I will use Green’s function, as you expected. If $n>2$, form the sum
$$
f(x) – \epsilon\sum_{i=1}^k \|x-x_k\|^{2-n}
$$
Note that $f$ tends to $-\infty$ at the points $x_i$. Letting $f(x_i)=-\infty$, we obtain a subharmonic function in all of $\Omega$. Indeed, one characterization of subharmonic functions is the local sub-mean value property: for every point $a$ there is $r_a>0$ such that the average of $f$ on every sphere $S(a,r)$ with $r<r_a$ is at least $f(a)$. This property holds at $x_i$ trivially, and at other points by the harmonicity of $f$.

Subharmonic functions satisfy the maximum principle. For a fixed $p\in \Omega\setminus \{x_i\}$ it says
$$
f(p) \le O(\epsilon)
$$
and since $\epsilon$ was arbitrarily small, $f\le 0$ in $\Omega$. The same consideration applies to $-f$; thus, $f\equiv 0$.

For $n=2$ the proof is the same, but has the logarithm in it:
$$
f(x) + \epsilon\sum_{i=1}^k \log\|x-x_k\|
$$

Other PDE

The keyword is capacity: does a one-point set have zero capacity for the given differential operator?
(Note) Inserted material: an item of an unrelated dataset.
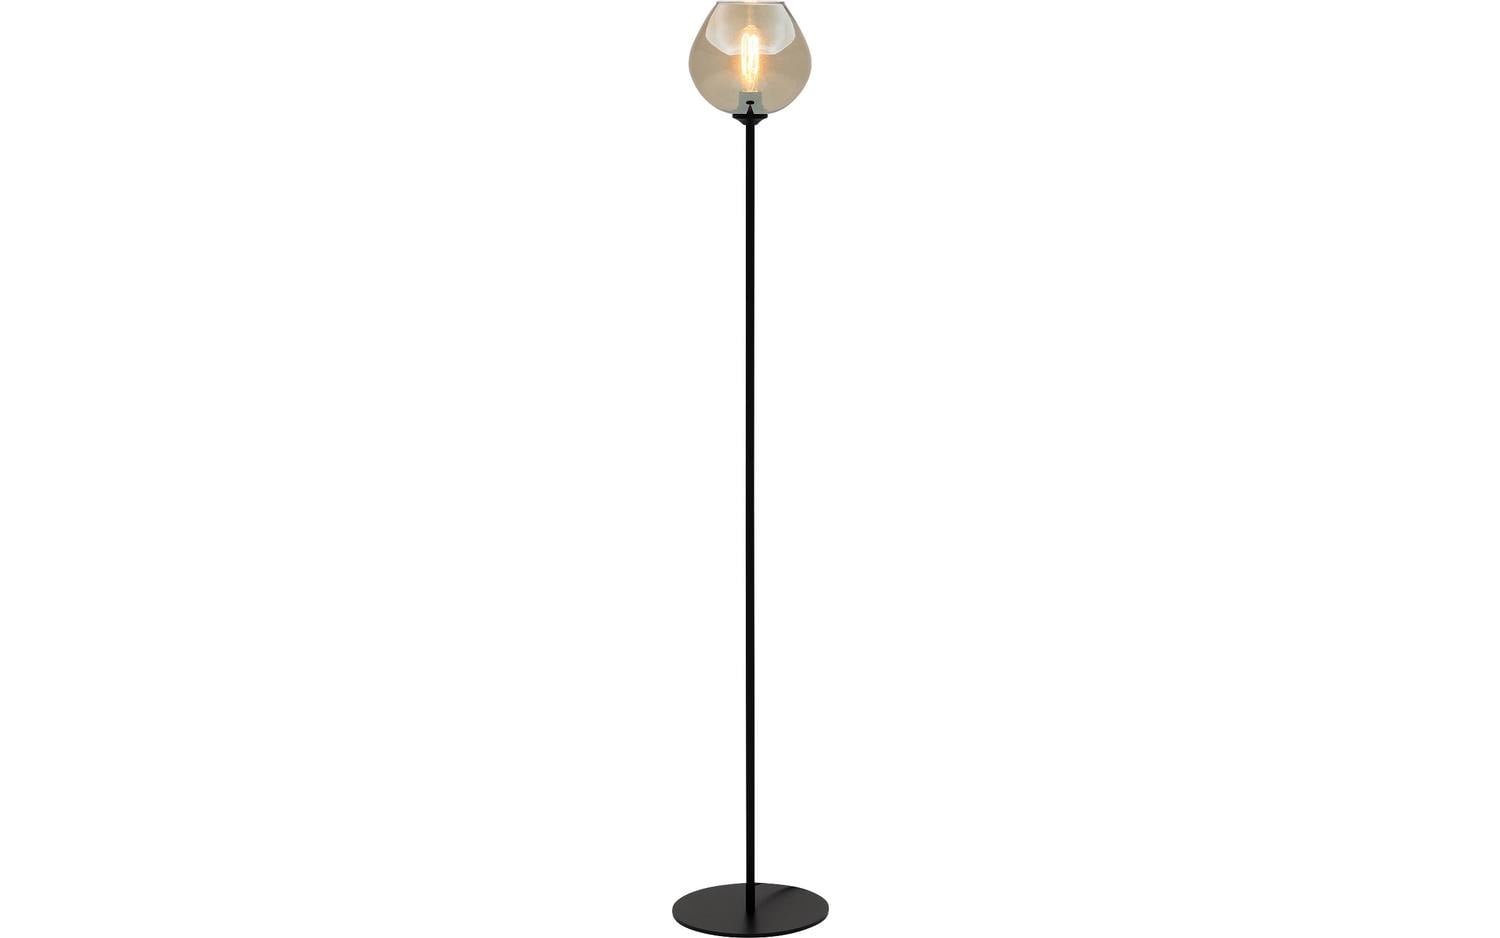 Goossens Vloerlamp Devant, Vloerlamp met 1 lichtpunt 150 cm

The Laplace equation is the Euler-Lagrange equation for the functional $\int|\nabla f|^2$, so the relevant capacity of point $p$ is
$$
\inf \left\{\int|\nabla f|^2 : f=0\text{ on boundary, } f(p)=1 \right\}
$$
The infimum can be taken over all smooth functions, or over all Lipschitz functions: does not matter. The capacity of a point is zero, as you can see by letting $f$ be a scaled and truncated version of Green’s function. Since the solution of boundary value problem is meant to minimize the functional for the given boundary data, the fact that the infimum is zero says there isn’t a solution.

For the biharmonic equation, the relevant functional is $\int|\Delta f|^2$. Is it true that
$$
\inf \left\{\int|\Delta f|^2 : f=0\text{ on boundary, } f(p)=1 \right\} =0 \quad ?
$$
Yes in dimensions $n\ge 4$, because biharmonic Green’s function is unbounded there (source). No in dimensions $n\le 3$. The reason is that the $L^2$ norm of the Laplacian controls $W^{2,2}$ norm (roughly speaking), and in dimensions $n\le 3$ the Sobolev embedding implies that $W^{2,2}$ norm controls pointwise values of a function.

So, the biharmonic equation can be used for interpolation in low dimensions. In two dimensions, this is known as a thin plate spline. More generally, there are polyharmonic splines: the higher the dimension, the more one iterates the Laplacian to keep Green’s function bounded.